CARTA À MULHER QUE FUI
Olho para você através de uma lembrança embaçada, vejo seus olhos que não foram preparados para a tristeza, o choro, a ferida, o amor partido, o desejo frustrado.
Você acreditava ser feia! Feia triste egoísta
Não sabia pedir perdão nem dizer "eu te amo".
Você não vivia. Era uma apenas uma mulher oprimida. Nunca realizava a própria vontade. Vivia tão presa à conformidade, que se espantava ao ouvir falar que poderia fazer escolhas, como quem ouve um grito de horror na madrugada.
Vivia sufocada, sem conseguir emergir. Você permitiu que a sua vida fosse um acidente de percurso. Não entendia que poderia superar a si mesma, superar a família, a cultura, as normas...
Oh, mulher, não se pode passar a vida toda persistindo em enganos! Não sinta pena de si mesma, não há mais tempo para a autopiedade. Sua alma tem sede.
Contemple-se! Você é uma outra mulher, aquela que deveria ter sido em toda a sua vida e que nunca havia se permitido. Depois de tantos anos, você sorriu e se sentiu inteira.
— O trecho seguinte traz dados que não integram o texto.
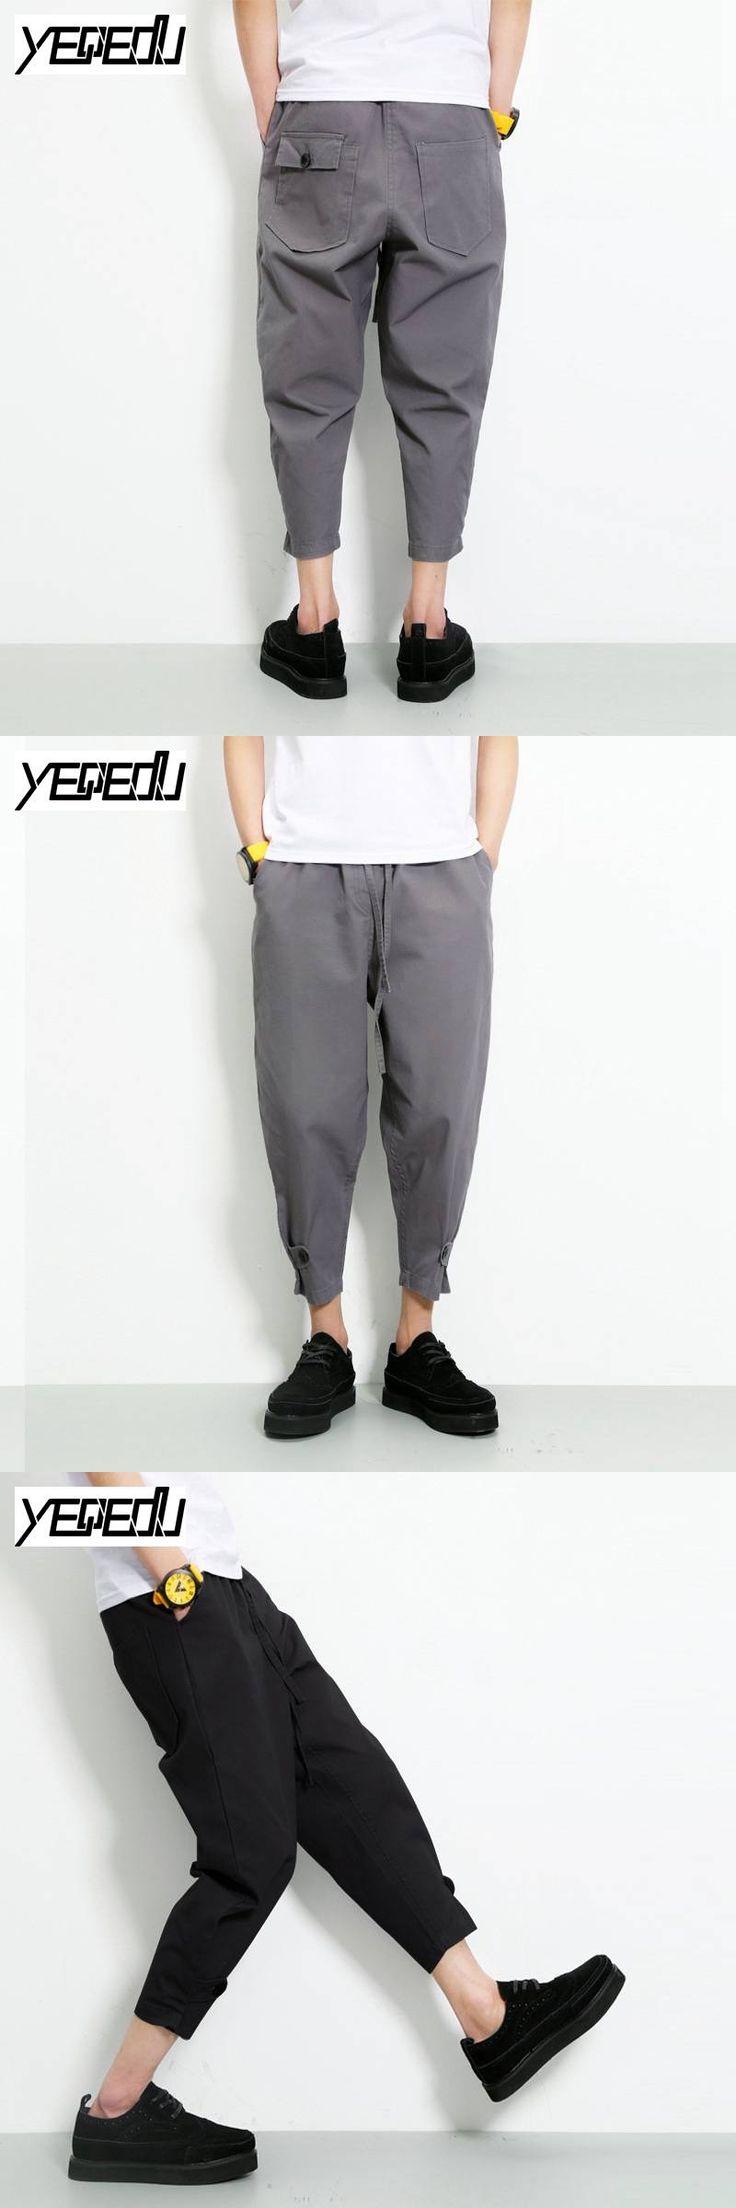 #2819 Jogger pants men Fashion Harajuku Harem Mens baggy cargo pants Loose Pantalon large Hip hop men Streetwear Lightweight 5XL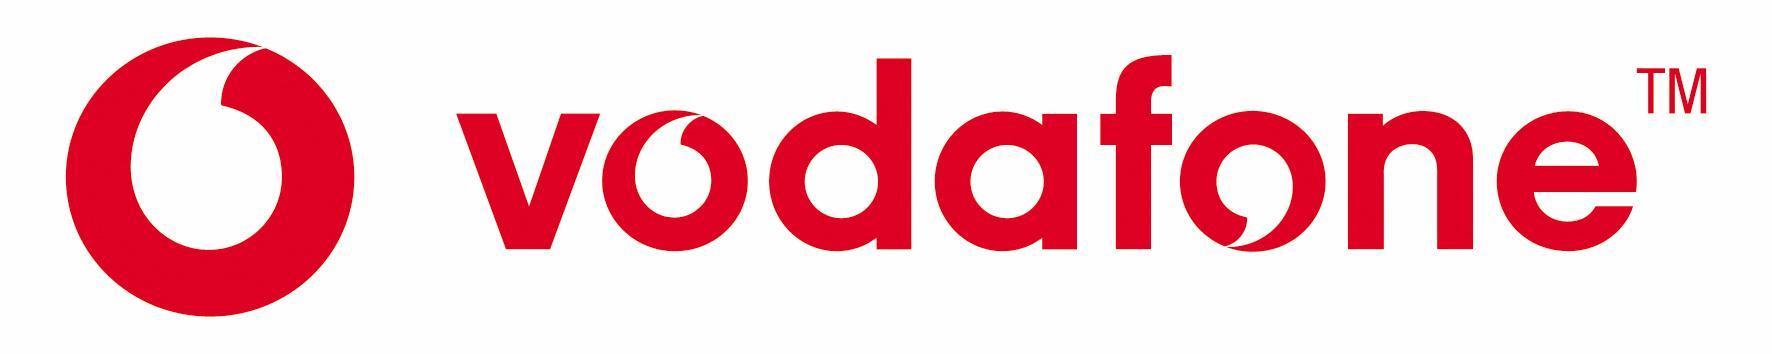 vodafone com:

Você fugiu sem trégua, sedenta, faminta! Você surgiu como quem sai do fosso, deixando para trás toda a sua apatia. Agora, você olha a sua volta com olhar abundante e ambiciona novas experiências. Do seu rosto saltam luzes em forma de lágrimas aliviadas.
Nas ruas, as pessoas olham para você com admiração e abrem-lhe passagem com reverência e você renasce, a cada instante, como uma deusa.